Is there a problem in not having a fallback for <-cases? If `[] for ranges is to be phased out, it would make sense to not have it called for situations it wasn't called before.
And I rather have Int.Inf than Pike.NATIVE_MAX.
Yes, it would make the from-the-end functionality not work for old data types (assuming they implement array-like behavior, but with the current `[] calling convention they more or less have to do that).
As for Pike.NATIVE_MAX, it's how it already behaves. It'd of course be better to use an infinity symbol if there were one.
Is Int.inf added as a constant for that value too? Otherwise we should do that.. ;)
I see that you've added an Int.inf. Nice, but isn't it quite severely restricted by the fact that it still isn't taken as a "real" int by the type system?
void foo (int x) {} foo (Int.inf);
Compiler Error: 1:Bad argument 1 to foo. Compiler Error: 1:Expected: function(int : void) Compiler Error: 1:Got : function(object(is 65695) : void | mixed)

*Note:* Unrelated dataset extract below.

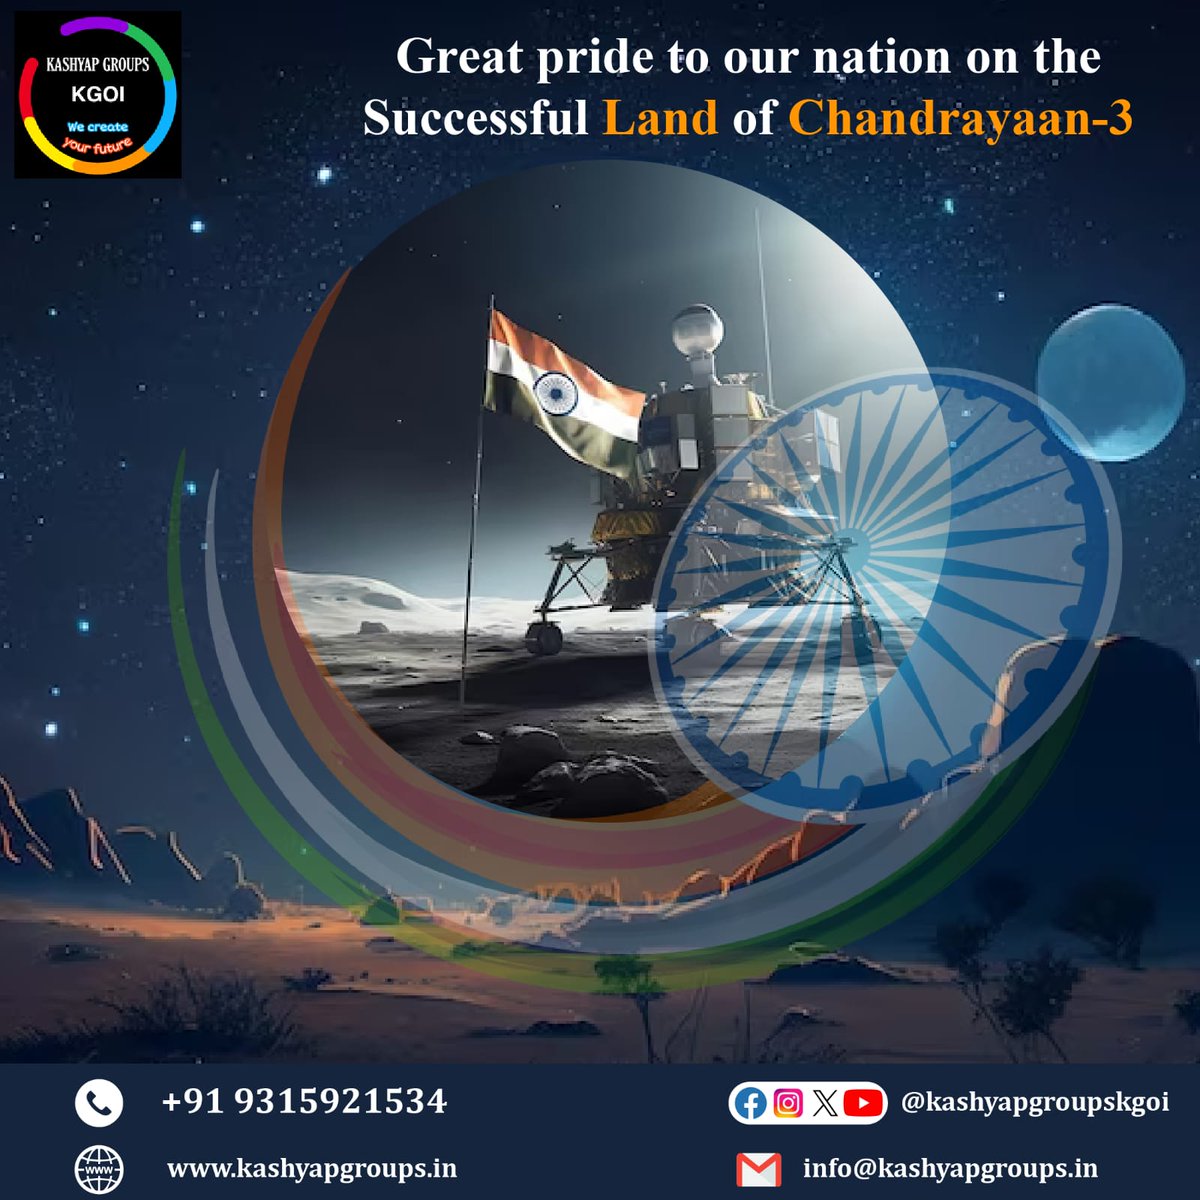 Wednesday Is A Big Day For India. Chandrayaan 3 Set To Land On The Moon's Surface At The Around 6.04Pm On The 23rd August! 👇Connect with us now for more details 👉 surl.li/kjglb 📧 info@kashyapgroups.in ☎ +91- 9315921534 #chandrayaan3 #chandrayaan #isro #cosmicjourney

When I contemplated how this could be done, I was thinking along the lines of adding a couple of special bignum instances in mpz_glue.c or thereabouts.
I wanted somewhere to begin. Ideally I would like to have integer inf support as low as in GMP itself.
i suppose "Done." refers to Int.inf but not the whole [x..<y] thing.
could you explain to us what needs to be done to implement [x..<y] in small steps?
- adding the `[..]() function - create all the fallbacks to `[]() - add the <x syntax to the parser
is there anything else? can you break these up even more?
adding the <x syntax seems to be the hardest part, any hints?
greetings, martin.
It refers to the whole thing. Read the CVS. http://pike.ida.liu.se/development/cvs/combined.xml
No, actually the opposite. Int.inf is still on the to-do list. ;)
wow, you guys never cease to amaze me!
greetings, martin.
I'm not quite sure if it's right to use sizeof(a)-1 as the end bias anymore. It's consistent in one way since 0 is the first element from the start and <0 the first from the end.
On the other hand, it's off-by-one wrt single indexing (not considering the sign). I.e. the last element through indexing is -1 (a[-1]), while it's <0 through subranging (a[<0..]). Seen that way it appears to be more appropriate to let <1 refer to the last element.
Which way is better? How is it in lpc? Should it perhaps even be that < only selects the negative range so that the index still have to be negative, i.e. to select the last index one would have to write <-1?
I think we should leave this open for now. Please play around with it, but be advised that it might very well change.
What, we don't get to have the index-from-the-end-discussion every year any more? Excellent! Well done!
On the other hand, it's off-by-one wrt single indexing (not considering the sign). I.e. the last element through indexing is -1 (a[-1]), while it's <0 through subranging (a[<0..]). Seen that way it appears to be more appropriate to let <1 refer to the last element.
It appears to me that <-1 should refer to the last element, if you want consistency.
On the other hand, maybe a[<0] should refer to the last element too?
If you can index from the end with both positive and negative numbers then you'll get the difficult special cases near the bounds. It's the same reason why we don't use negative indices in ranging in the first place.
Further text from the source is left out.